Only because I nerded out reading SOF books before I was actually in the Army, you could have found a much more up to to date selection of sources. Specifically those 2 books by Bohrer and Pushies. First they were published in 2002 and 2004 respectively, no wonder you don't know where to place the 75th's mission. Second I as a reader was always skeptical of any book on SOF that was "The Complete Book", "The beginner's guide to.." because they were always filled with shallow, incomplete descriptions of the units in that book which is reflected in what you have posted here; especially when that guide is under 200 pages. You would have been better off choosing a complete book for each unit instead of a jumbled collection. As far as your goal of wanting the paper to end under 4 pages, if its a final for 65% of your grade and you want to write on ALL of the SOCOM units that you want to do a good job on, not gonna happen. I think like has been stated already you fell in love with idea of writing about cool guy shooters not the topic of covering SOCOM in an academic manner.


----------



## Fucci26 (Apr 28, 2013)

I'm doing my best with what I have, both of the local libraries in my current city offer nothing on special operations. I let my professor read my second revision. She told me to add more history to it, and take out the training portions of it. I'll have it up for all of you guys to read here shortly.

This is the paper as of now, luckily it isn't due until Thursday. I have yet to add more history and lineage about United States Air Force Special Operations or Coast Guard's. I'll get to that after work. Thanks for reading, guys. It means a lot.

Also, I do realize I should have wrote about something that was more personal to me. We were allowed to choose 3 topics. One. Something that interests us as a future career option. Two. Something that built our character. Three. Someone who inspired us to do our best. I'm one of only 9 in the class. A majority wrote about how their degree will change their life for something they want to do. A few others wrote about how getting off drugs changed their life. I chose to write about the Special Operations community because these/you men are the Spartan spirt that still lives in a weak and timid stature of American youth. I do not know how many other special operations wanna-bes really idolize you. But it's because of my mind set I chose to write about this, regardless of how little information I have to work with.


----------



## Confederate Son (Apr 28, 2013)

Fucci26 said:


> Also, I do realize I should have wrote about something that was more personal to me.



That's twice you've said that. How much do you think you would actually learn, or even more educate someone else, writing about "sports stars" or how your degree might possibly affect your future? 

The easy road is usually the one you learn the least from.


----------



## AWP (Apr 28, 2013)

http://www.afit.edu/library/catalogs.cfm


----------



## Tropicana98 (Apr 28, 2013)

It's not bad...

1. You use the word "they" entirely too much go back and do something to change the repetitive structure.

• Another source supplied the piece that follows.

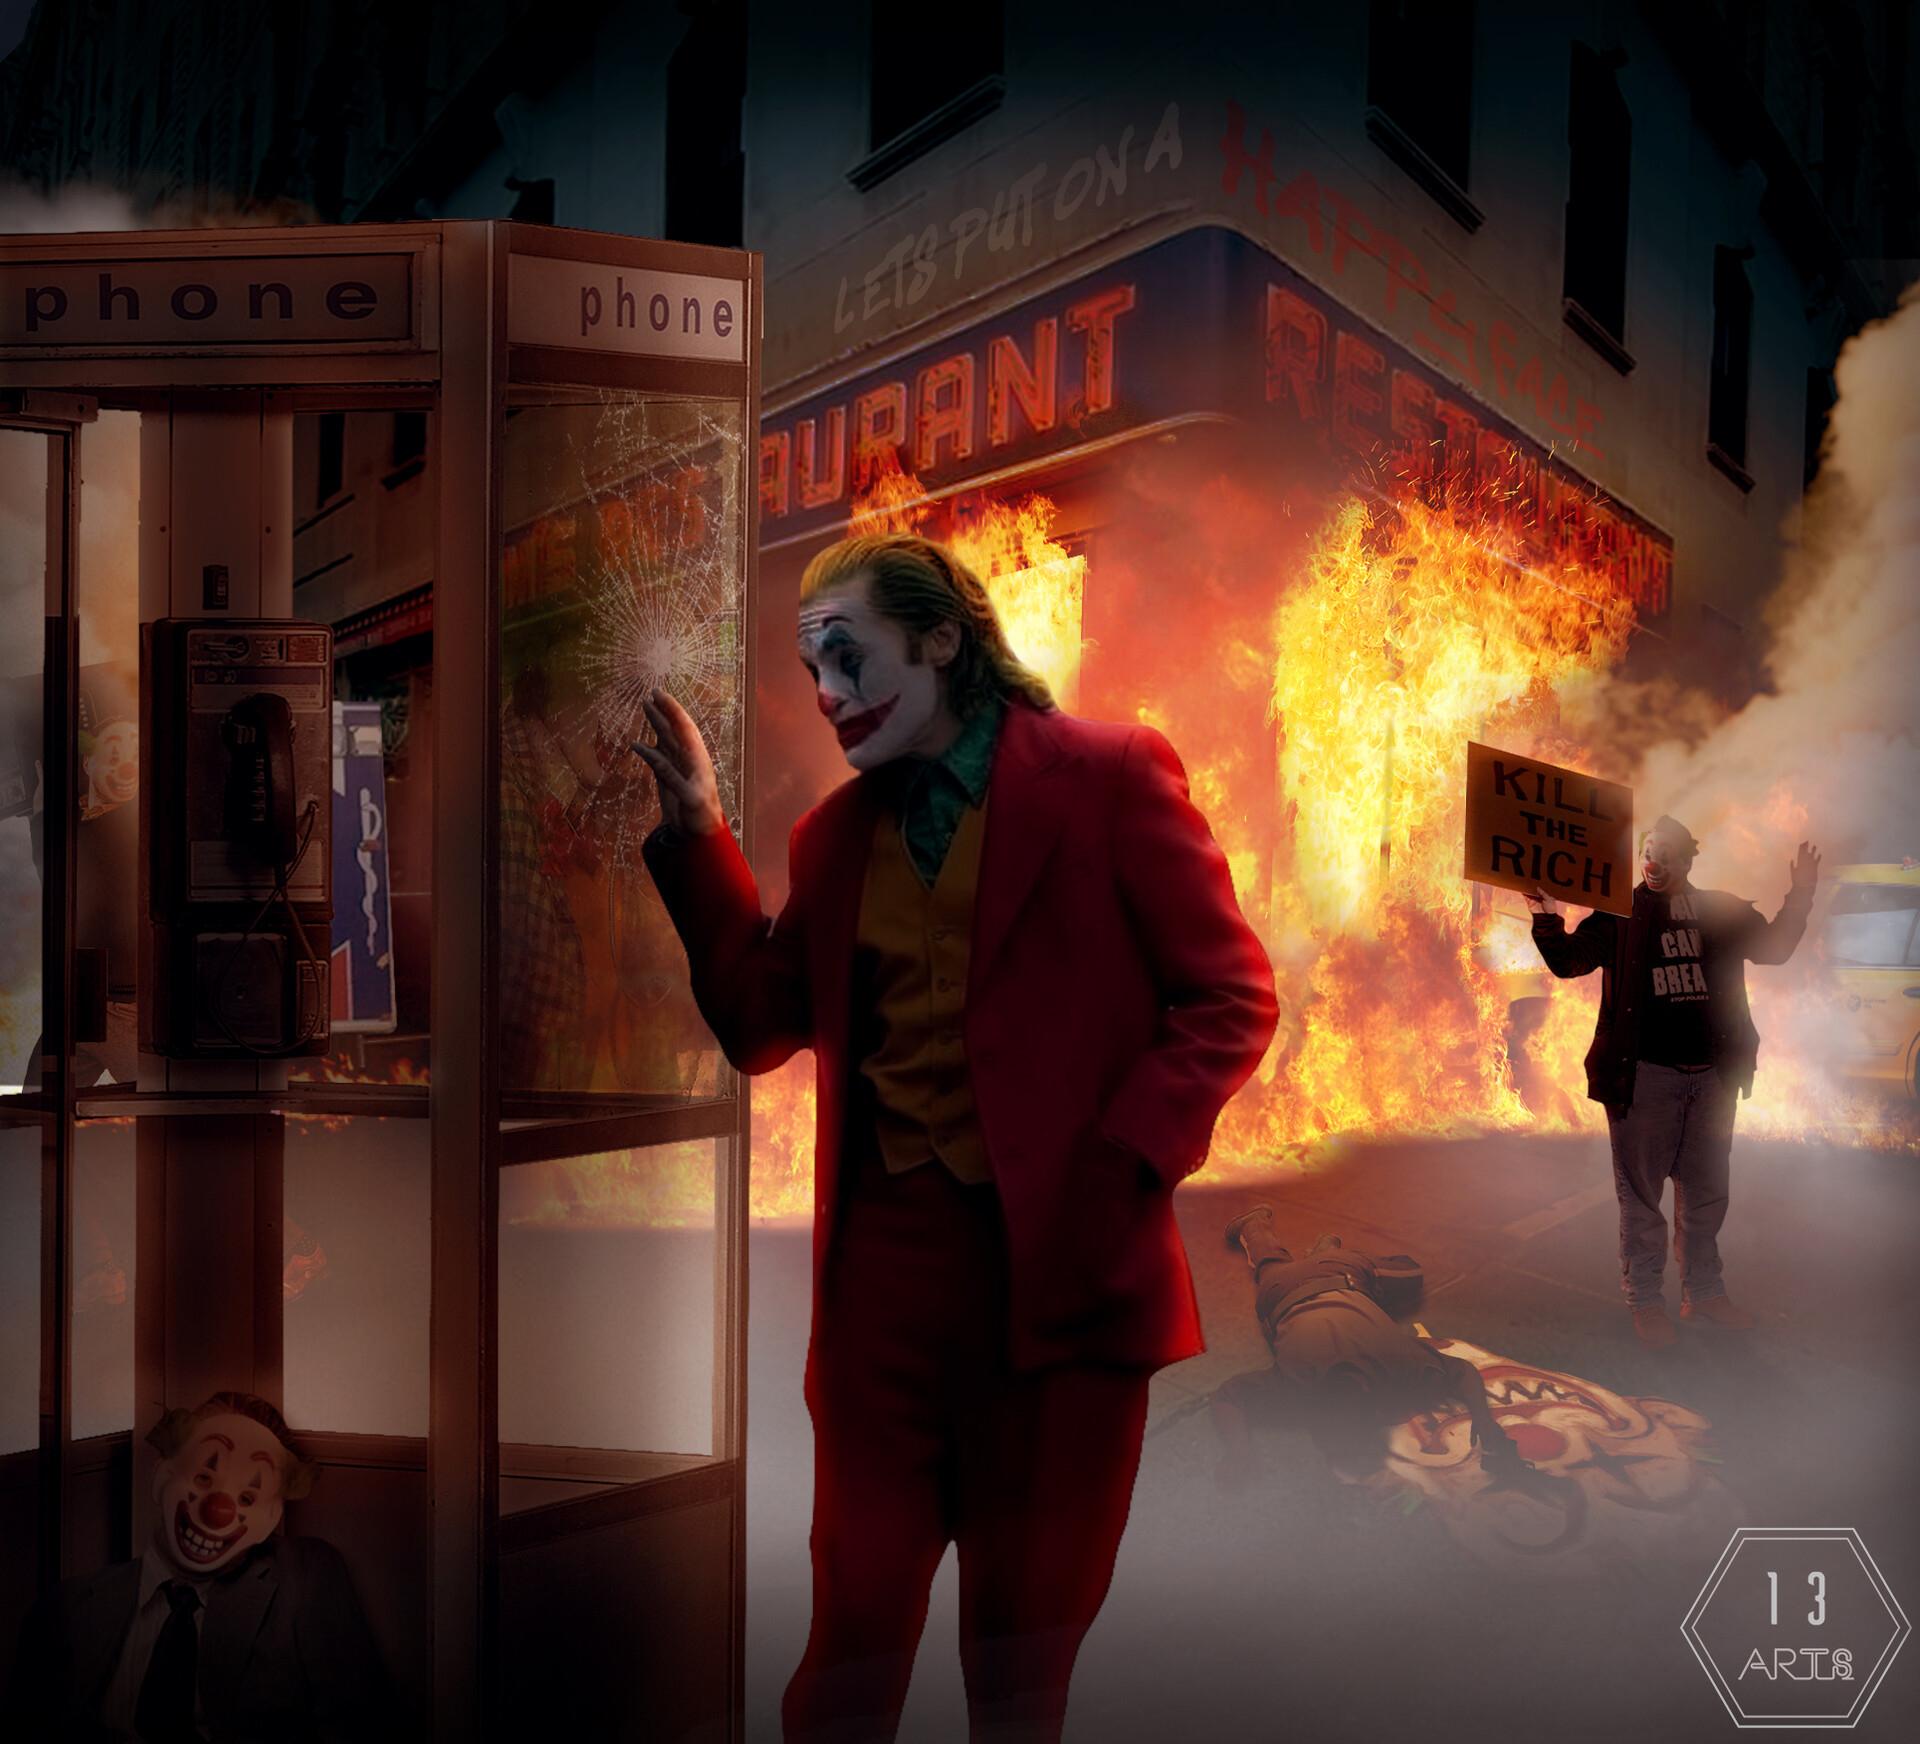 Sad Joker Wallpaper Hd Superheroes 4k Wallpapers Images

> In 1952, 10th Special Forces group was founded under Colonel Aaron Bank. Since their inception, they have been active in every major and minor engagement since they started. They are the unconventional warfare specialists,* they specialize in multiple things*. Their ability to train and adopt guerilla militias is unparalleled.


 
Specify what those things are, this would be a great place to state and introduce your professor to the five primary missions of SF. I guarantee she doesn't know and it would help you to understand what your counterparts in other areas of the community do should you eventually make it.



> U.S. Navy DEVGRU


 
She's not going to know what this is so explain that as well or just use the term SEAL's either way there is no introduction to that acronym so it works against you.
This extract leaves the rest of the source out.